In other words, you don't have to do it alone, infact trying to is often a pretty bad approach given that help exists. Even if that involves sacrificing your pride.


----------



## Jontain (May 23, 2011)

Was gonna say the odd gig going the wrong way sucks but it is just rock and roll. However it sounds like its developed into something more for you so its probably worth addressing. 

You could ask your band mates to keep an eye on you before a show etc but at the end of the day (as with most addictions) you are going to be your own worst enemy (or that little voice is). How about defying that little voice, hit the stage stone cold sober and shred it?

Hope things straighten out man


----------



## MaxStatic (May 23, 2011)

Jontain said:


> You could ask your band mates to keep an eye on you before a show etc....
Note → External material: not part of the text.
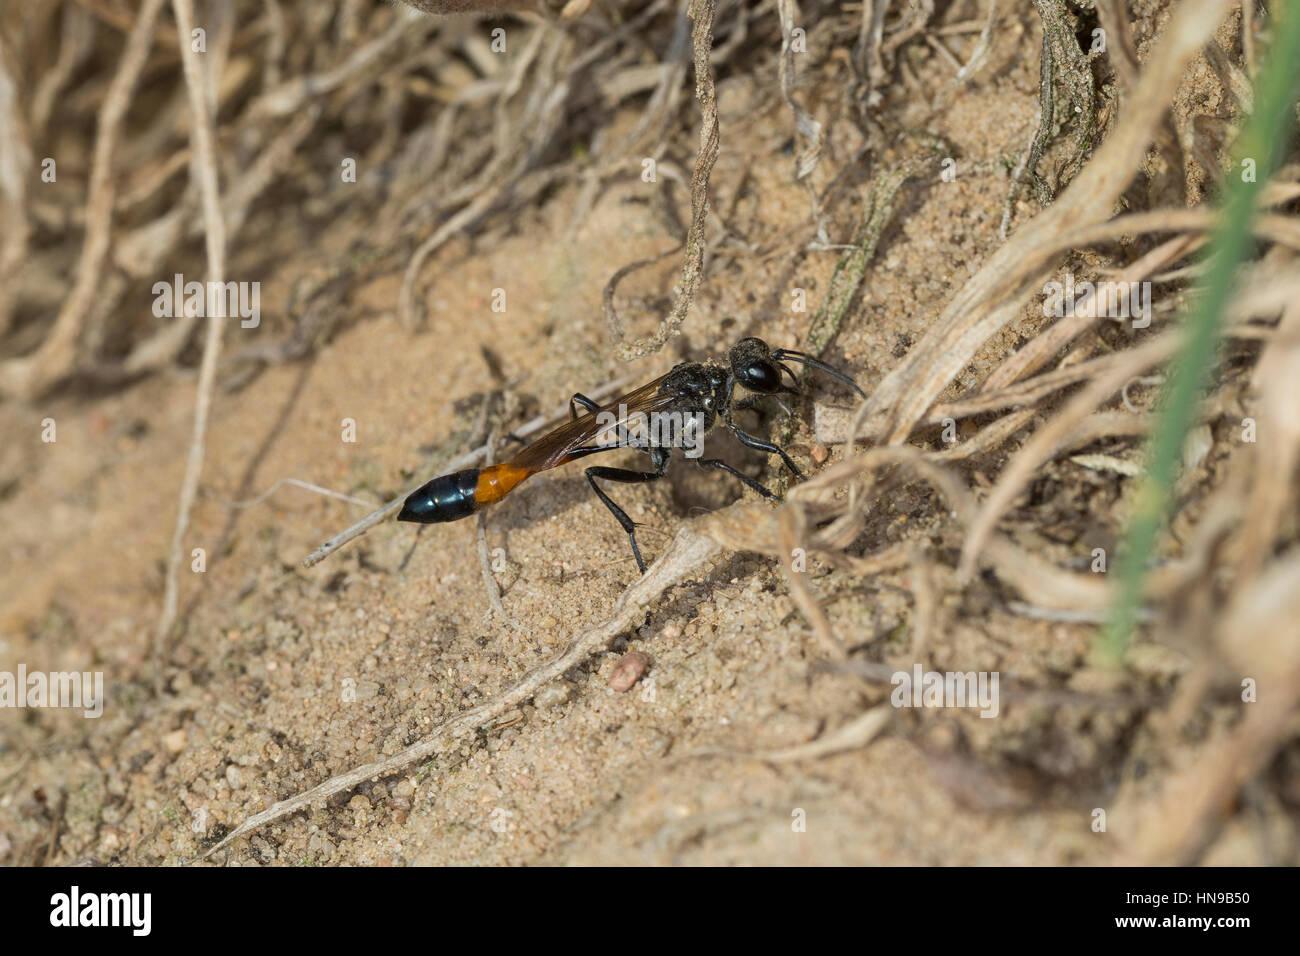 Gemeine Sandwespe, Weibchen, Ammophila sabulosa, Red-banded Sand Wasp, sand digger wasp, female, Grabwespe - Stock Image

be careful with this as it turns them into your mom, and they don't want to be your mom, they want to be your band.

More importantly, fuck the music, band and your fans, get yourself clean in a program for your kids. They matter more than anything else in this world and will be the only ones with you when the zombie horde attacks....

If you are having shakes and what not, the physical addiction is there. Don't forget about all the psychological and social cues/ triggers too. Don't try this on your own, seek out professional help and go back to living your life.

For me, it meant quitting alcohol completely. I'm like you and so many others, I can't have just one. I made a choice and make the same choice everyday. You might not have to go that extreme, but for me it was necessary and what worked.

Dude, do it for your kids, they need and deserve a clean and moderated dad(no judgment brother)

Sappy rant off.


----------



## neoclassical (May 23, 2011)

Wow thanks for all the love guys. I thought about treatment years ago and even taught high school in a rehab. I saw some really shady practices there. The band especially our singer and his girlfriend were doing "the mom thing" with me. It worked for a while, but then became how can I have a couple without their noticing and then after our set... I might just be in denial but I don't think I need treatment. I'll go it alone for now. I also don't want anyone seeing me at an AA meeting -no offense to those who attend/ed.


----------